- YOUR INSTRUCTIONS: Within the listing below, please copy exactly the lines between the line holding "Hauptbild des Produkts: Arbeitgeber-Paket" and the line holding "Untere Grindelwaldgletscher 1842/43", inclusive.

- ENTRIES PROVIDED:
..........

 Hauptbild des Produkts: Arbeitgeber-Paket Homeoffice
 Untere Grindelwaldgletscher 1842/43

..........

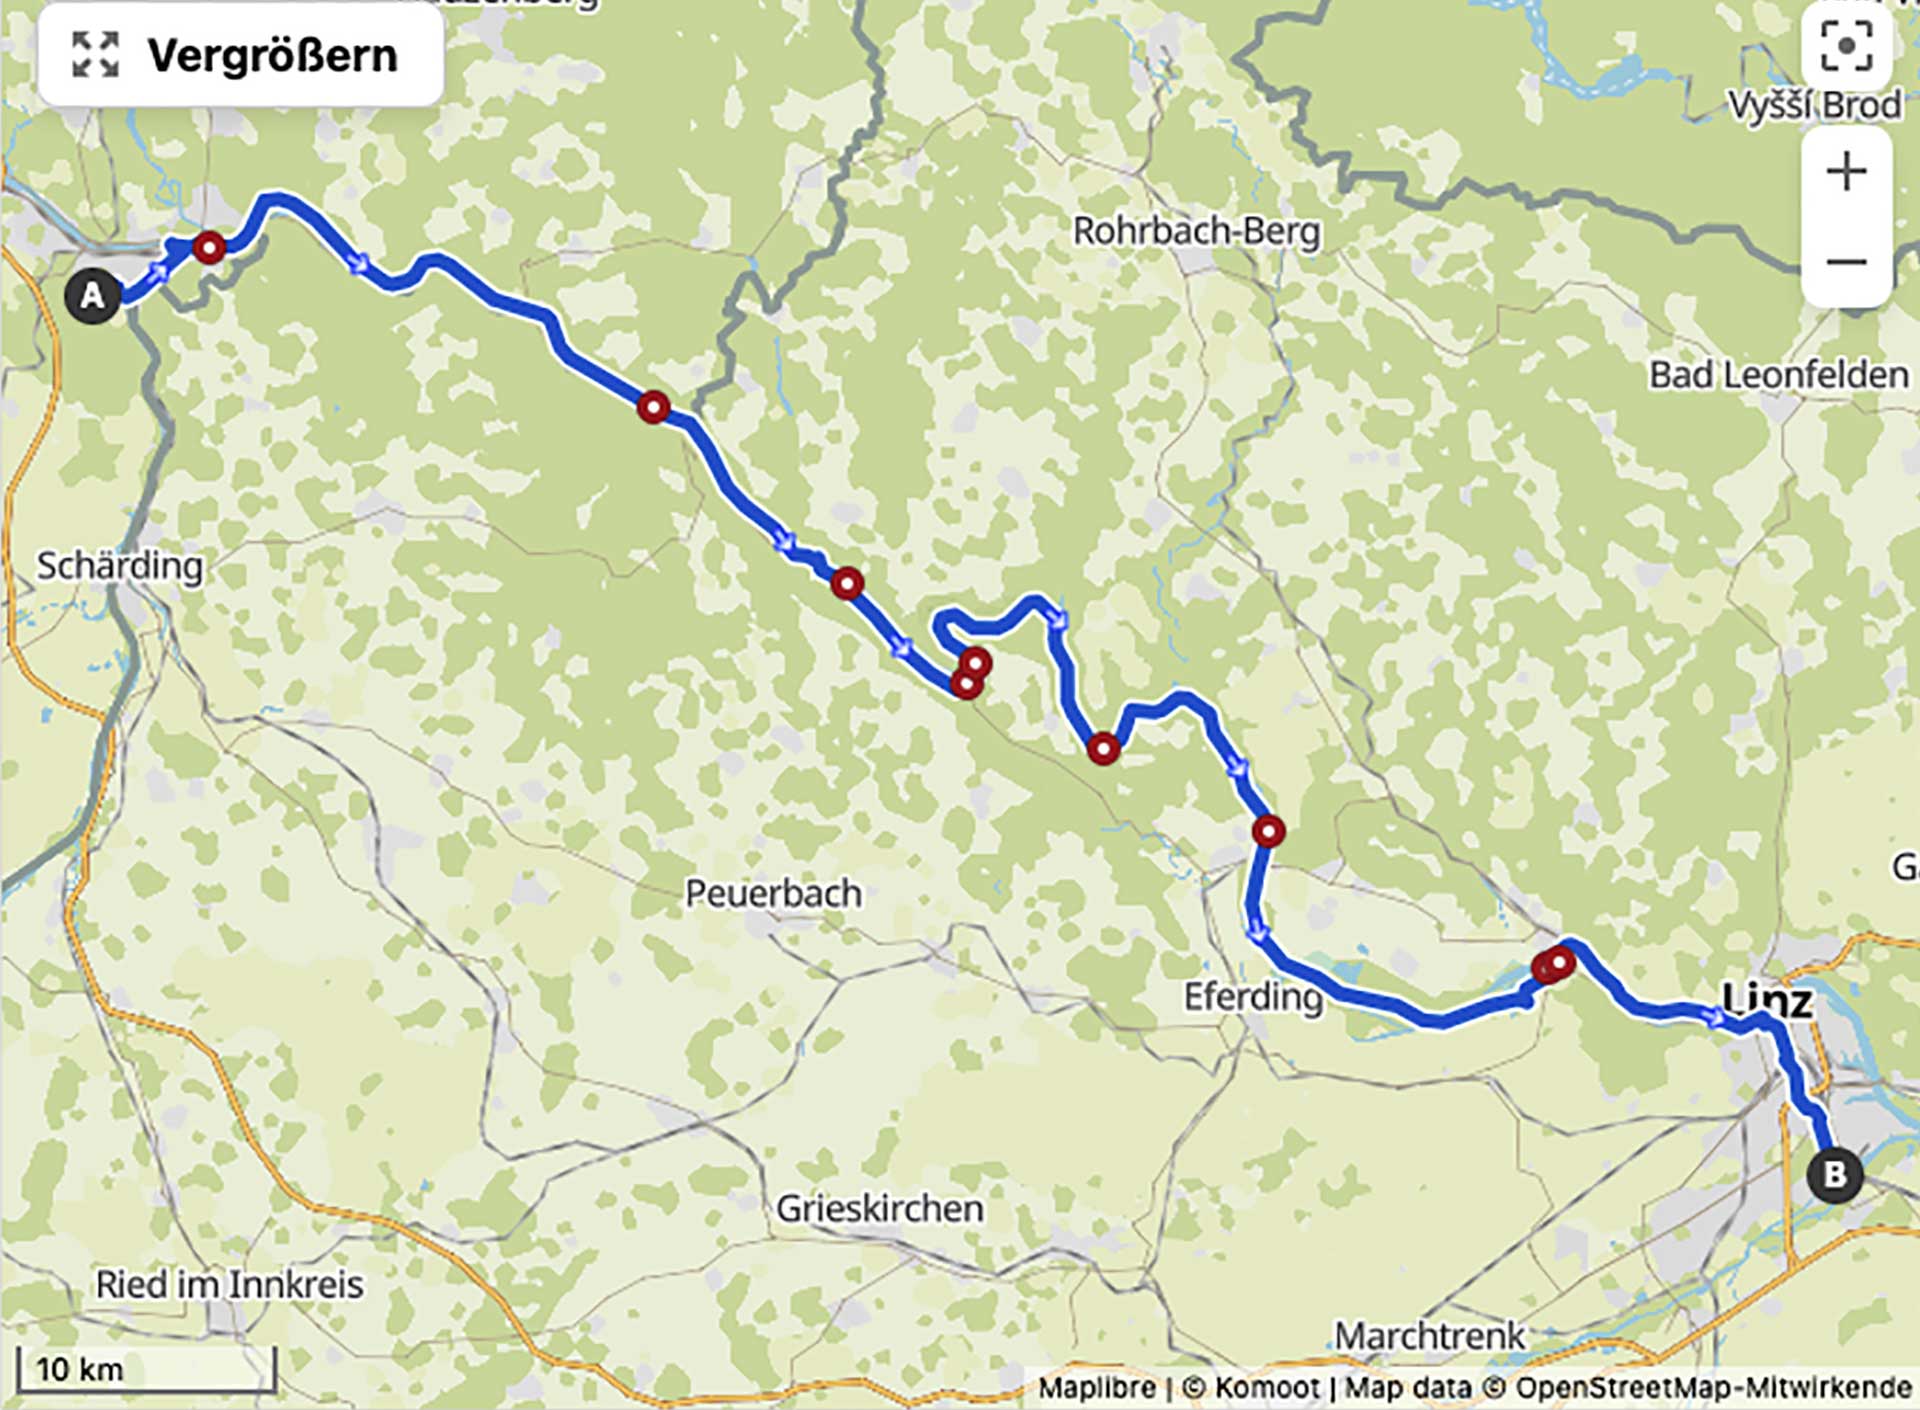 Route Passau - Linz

..........

- COMPLETED TASK:
 Hauptbild des Produkts: Arbeitgeber-Paket Homeoffice
 Untere Grindelwaldgletscher 1842/43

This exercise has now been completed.